→ **WORK REQUIRED**
Give back all of the data exactly, with every picture omitted.

→ **DATASET EXTRACT**
--

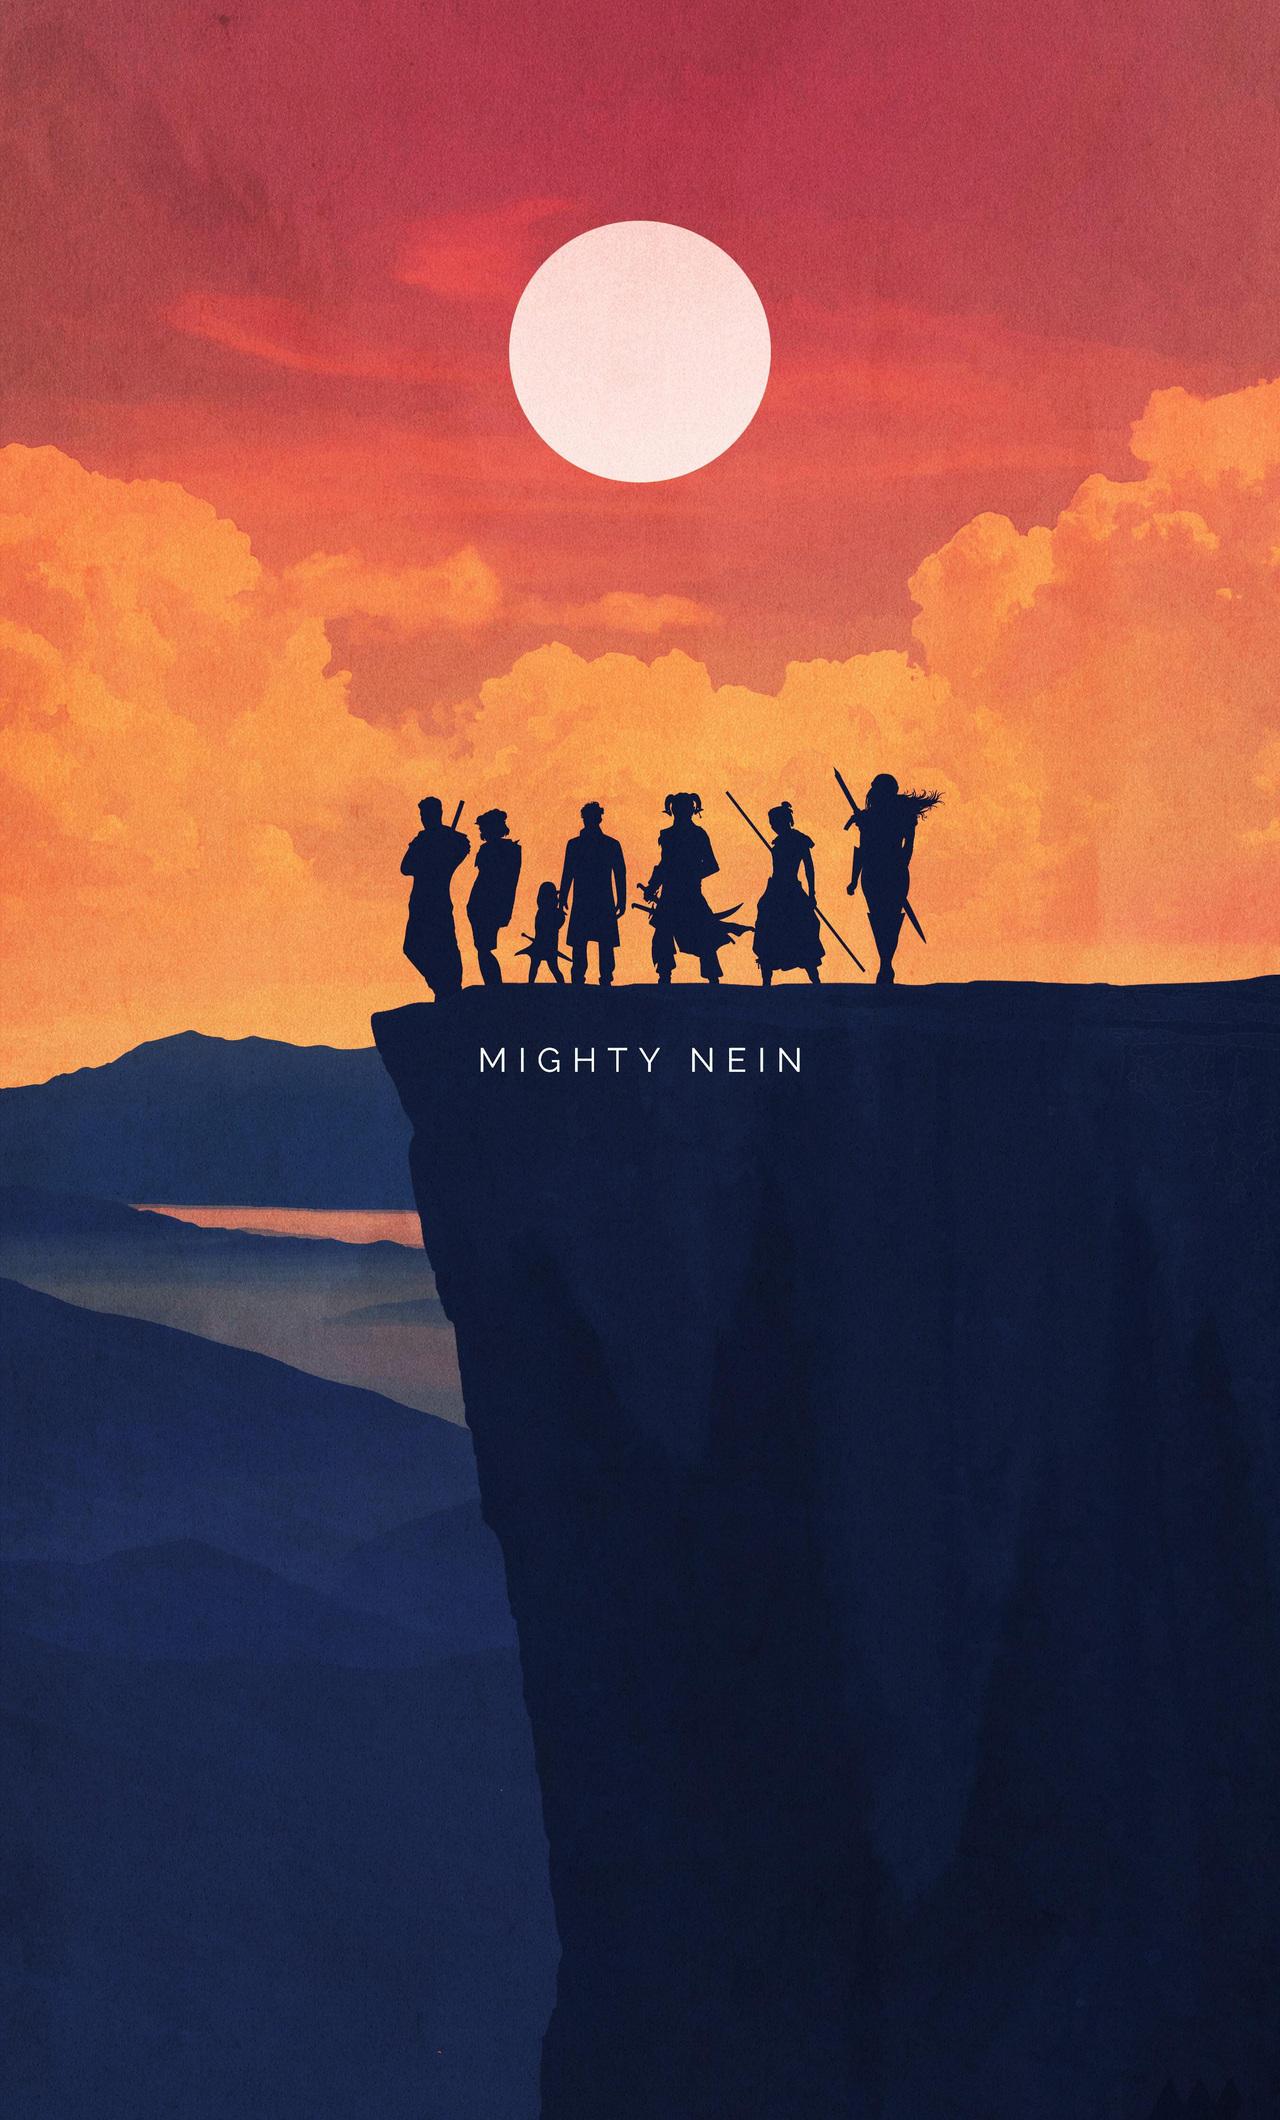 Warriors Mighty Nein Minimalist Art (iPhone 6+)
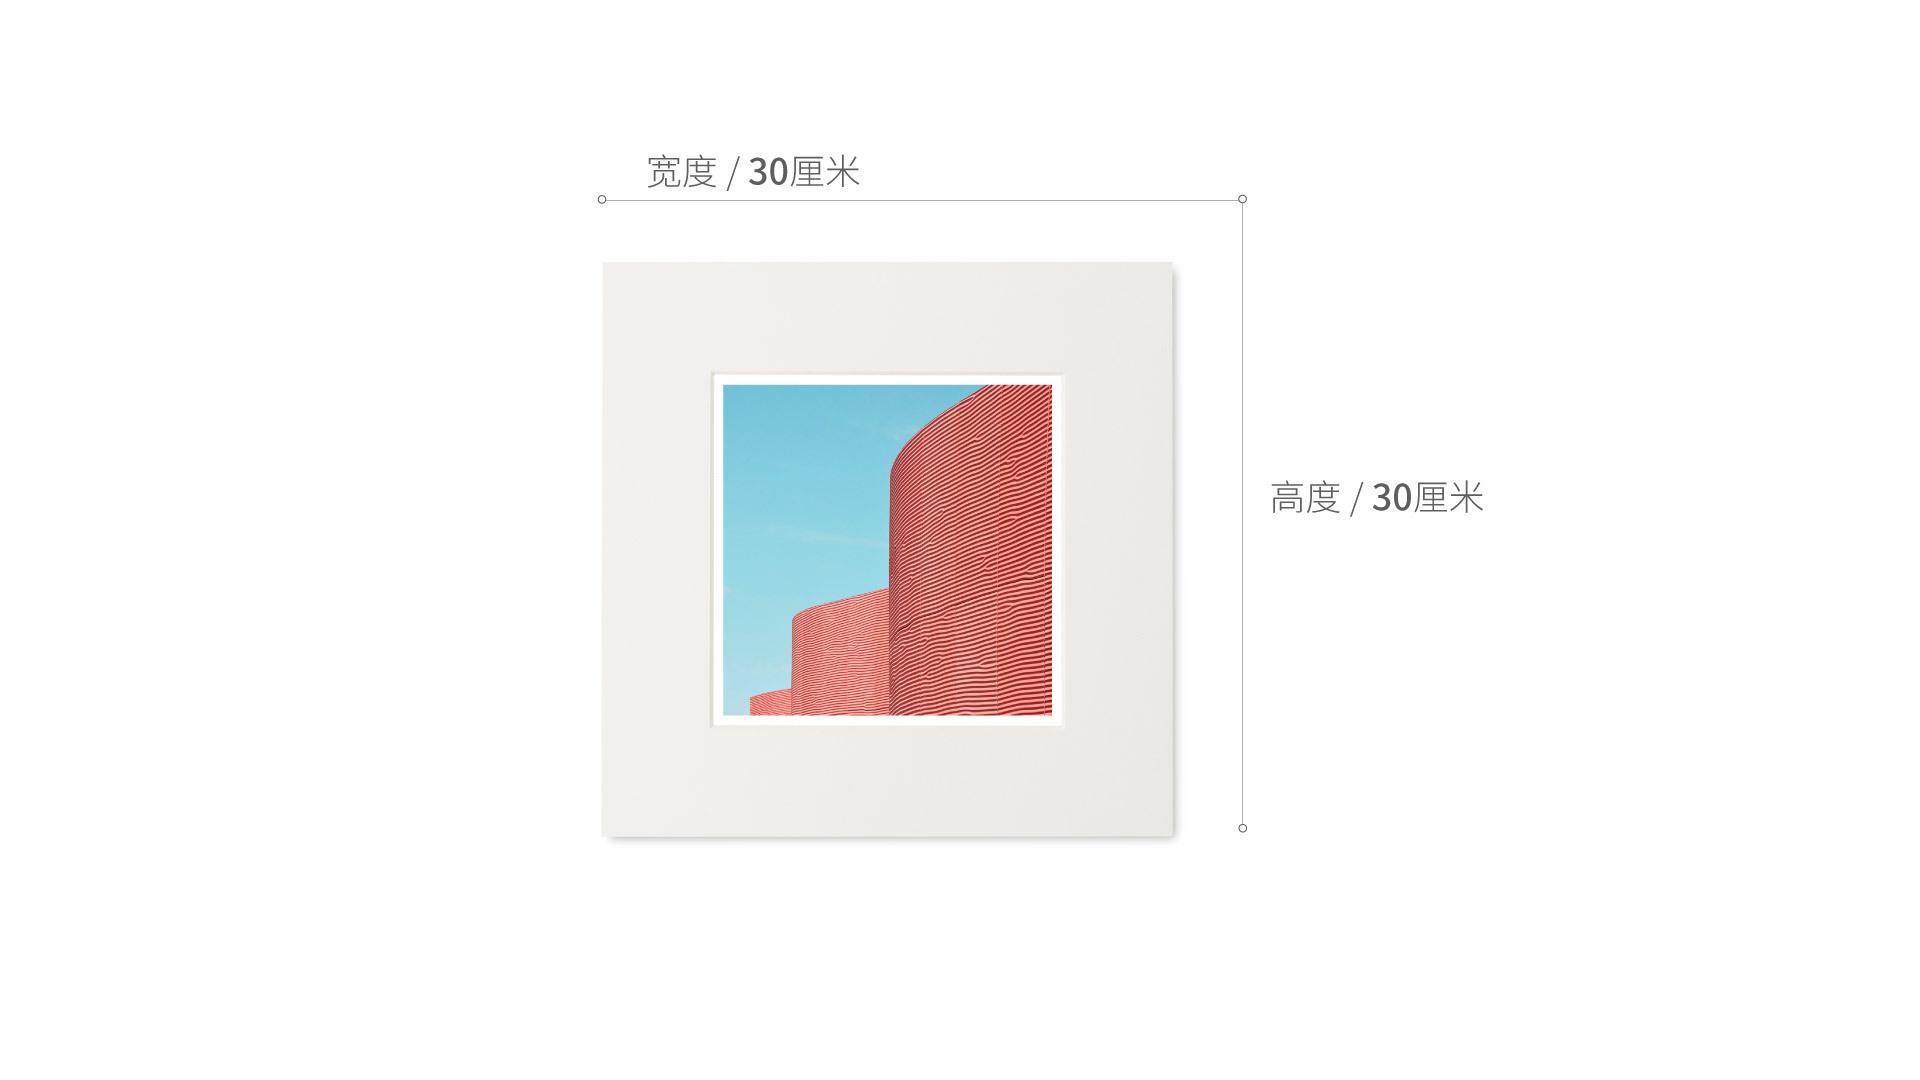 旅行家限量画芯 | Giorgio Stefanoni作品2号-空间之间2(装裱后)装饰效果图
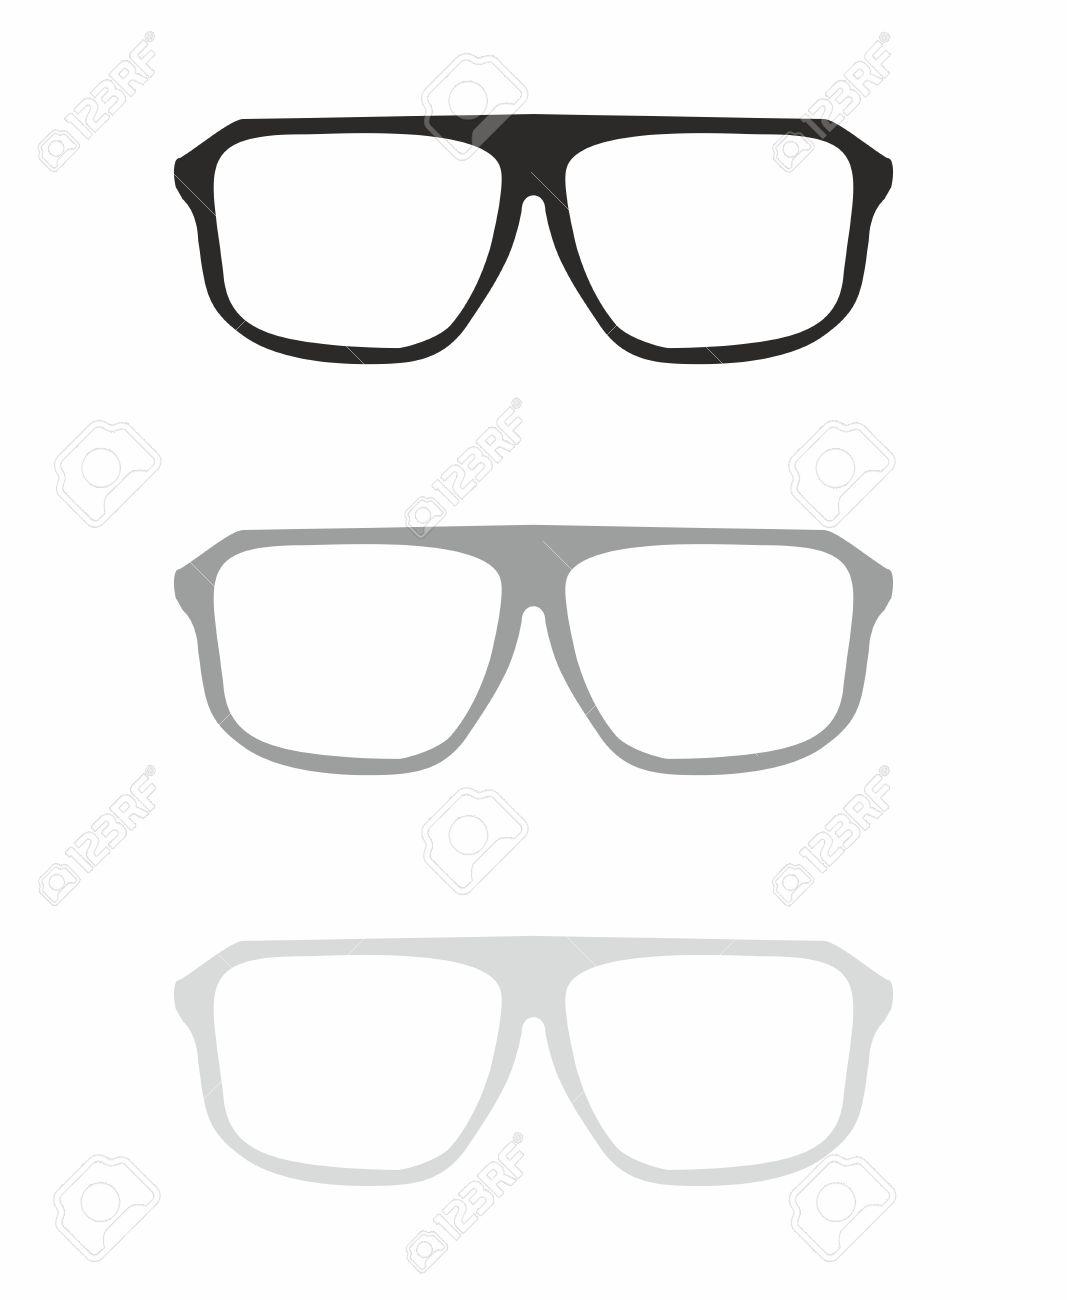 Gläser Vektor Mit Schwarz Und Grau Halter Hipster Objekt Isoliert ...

--

→ **TASK OUTPUT**
 Warriors Mighty Nein Minimalist Art (iPhone 6+)
 旅行家限量画芯 | Giorgio Stefanoni作品2号-空间之间2(装裱后)装饰效果图
 Gläser Vektor Mit Schwarz Und Grau Halter Hipster Objekt Isoliert ...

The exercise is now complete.